Superworlds - 5.5 - Safely Seeking Suicide

Dear Mom, Dad, Jonas and Sarah,

I’m sorry I’ve had to do this.

Matt stared at the words on the screen, and then sighed and hit backspace. One, he realised, these should be handwritten letters. Two, he shouldn’t write them until closer to the date. Prepping too early carried the risk of the letters being discovered and the whole plan revealed. Three – the notes should be separate. One for each of them. One each to address everything they meant to him, and everything he hoped they could be.

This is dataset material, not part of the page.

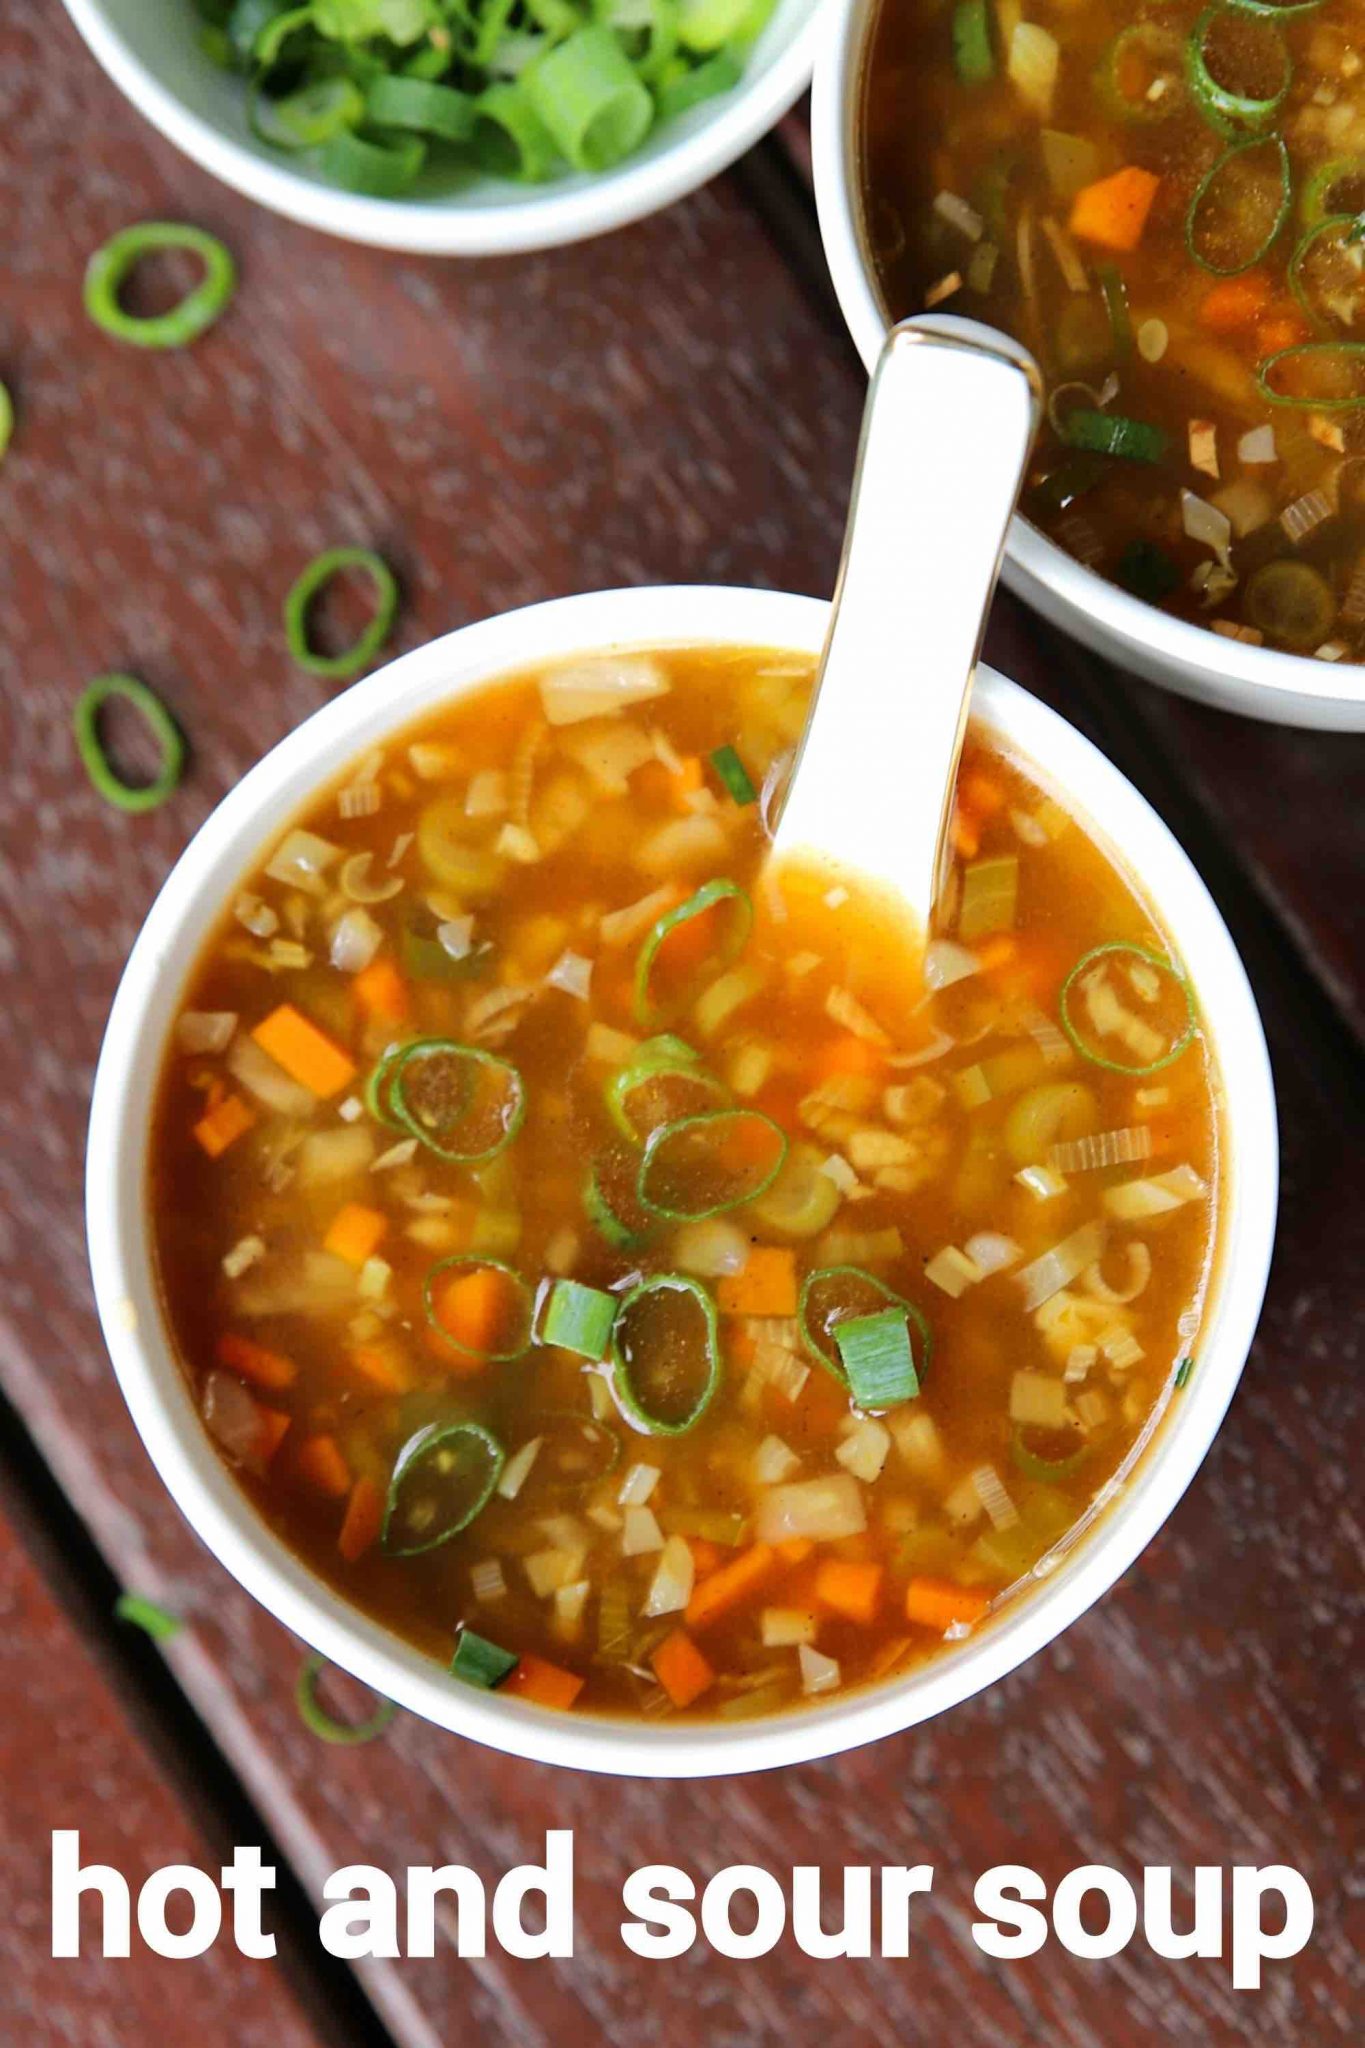 hot and sour soup recipe | hot n sour soup | hot sour soup recipe

Even looking at the blank screen, feeling himself tear up a little, Matt could see what the letters would say. That he wasn’t actually dead. That he'd had no choice but to fake it. Why it didn’t mean in any way that he didn’t want to be with them or that he didn’t love them; why he was sorry, but that this was the only way.

Then, he thought, recounting good memories, better days. The time they’d caught his Dad cheating at tennis. The tale of the burnt lasagne. Sarah’s phase of believing she was a fairy. Jonas’ years of mispronouncing words.

From the past then to the future. What he hoped for each of them; reassurances for his parents, encouragement and advice for his siblings. A promise to get in contact, if ever safe, if ever possible. A plea to move on. Permission to grieve.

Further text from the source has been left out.